É importante daqui para frente lembrar sua mãe de que o controle da doença microvascular é essencial para que outros fenômenos isquêmicos (não apenas oftalmológicos) não ocorram.
E é sempre bom lembrar que em se tratando de neurite (o diagnostico ao qual você se referiu), o resultado funcional (20/50) é considerado BOM. Removendo possíveis fatores predisponentes ou melhor, que possam contribuir para a falta de oxigenação, provavelmente a visão não piorará. Mas a neurite óptica isquêmica é a expressão aguda de um provável regime de hipóxia relativa (crônica) característica da doença microvascular. O controle após o episodio agudo é feito com incentivo ao combate do sedentarismo, reavaliação dietética, melhor controle (medicamentoso) da doença hipertensiva com o cuidado de avaliar possível hipotensão arterial noturna importante (situação que diminui muito a irrigação do nervo óptico).

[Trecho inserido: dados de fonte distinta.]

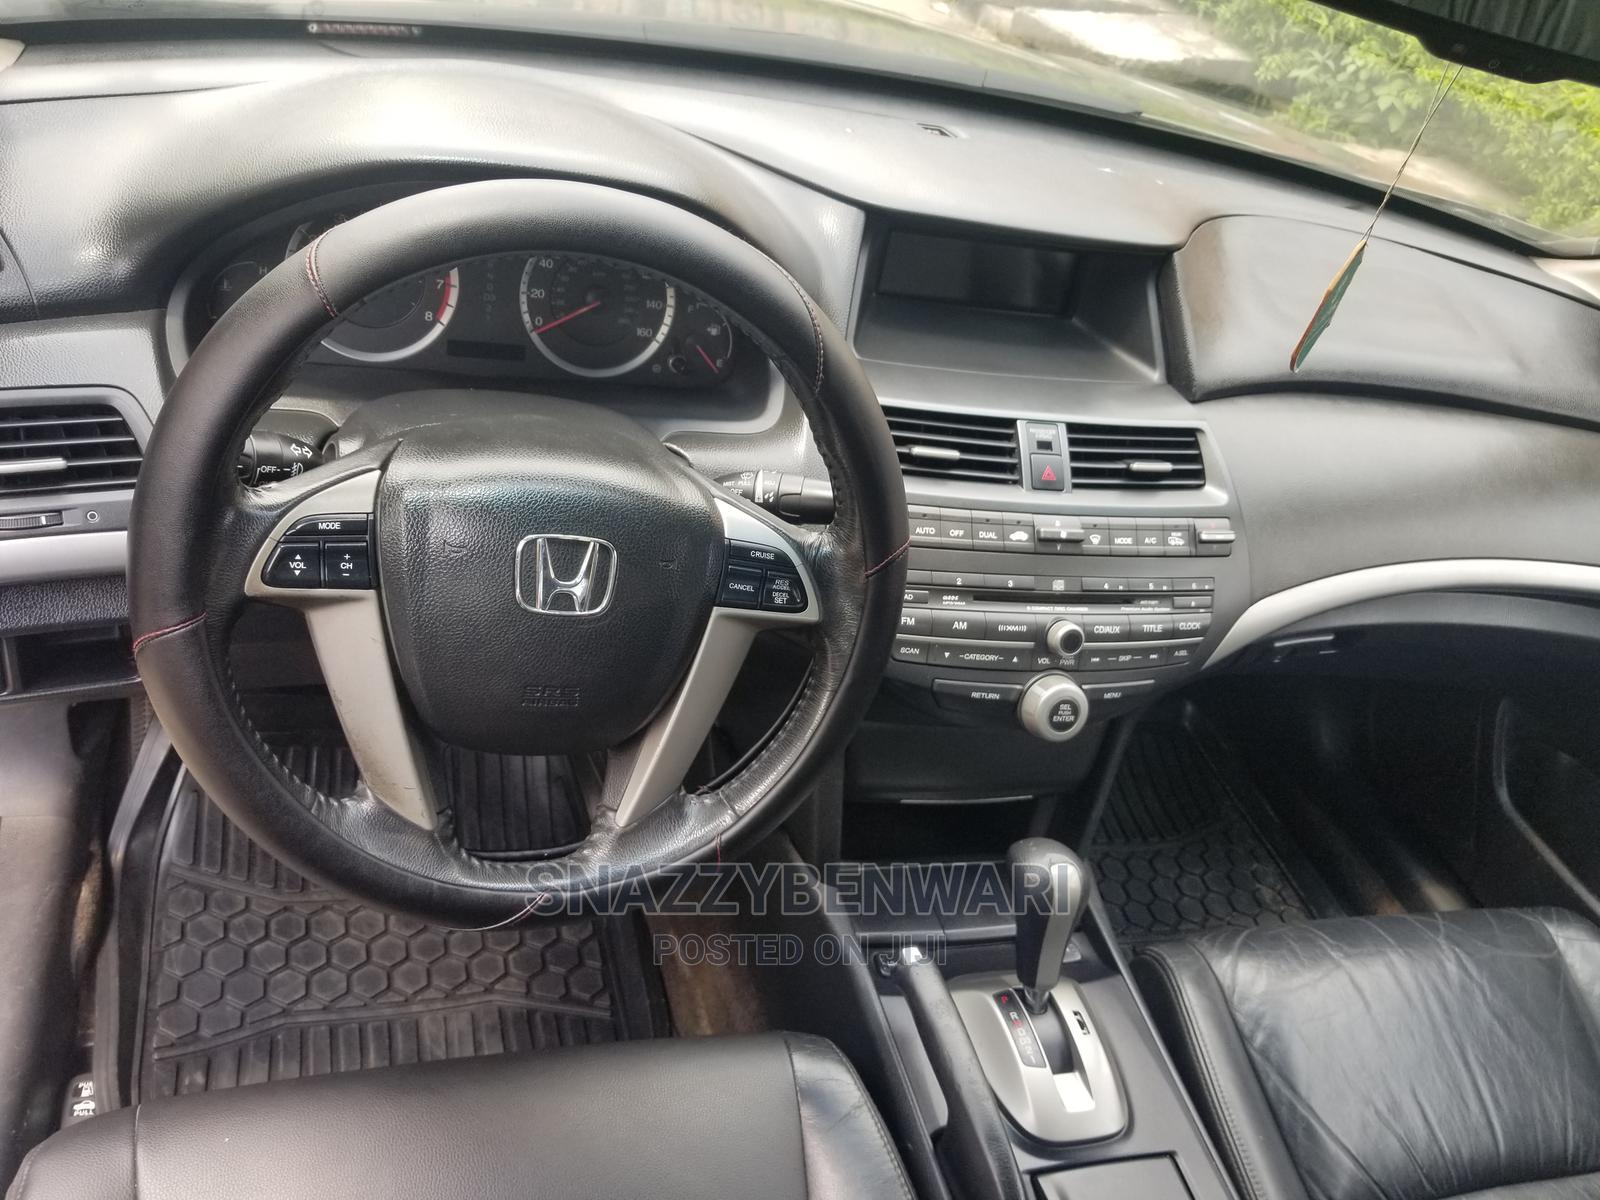 Archive: Honda Accord 2008 2.4 EX-L Automatic Gray

Como já disse antes, converse com o médico assistente. Ele com certeza já falou sobre o que comentamos aqui. Mas se ainda existem dúvidas retorne a ele e esclareça. Entender o que provavelmente aconteceu ajuda a lidar com a perda funcional e incentiva melhor controle da situação clínica que possivelmente contribuiu para o evento evitando assim mais incidentes (oftalmológicos ou não).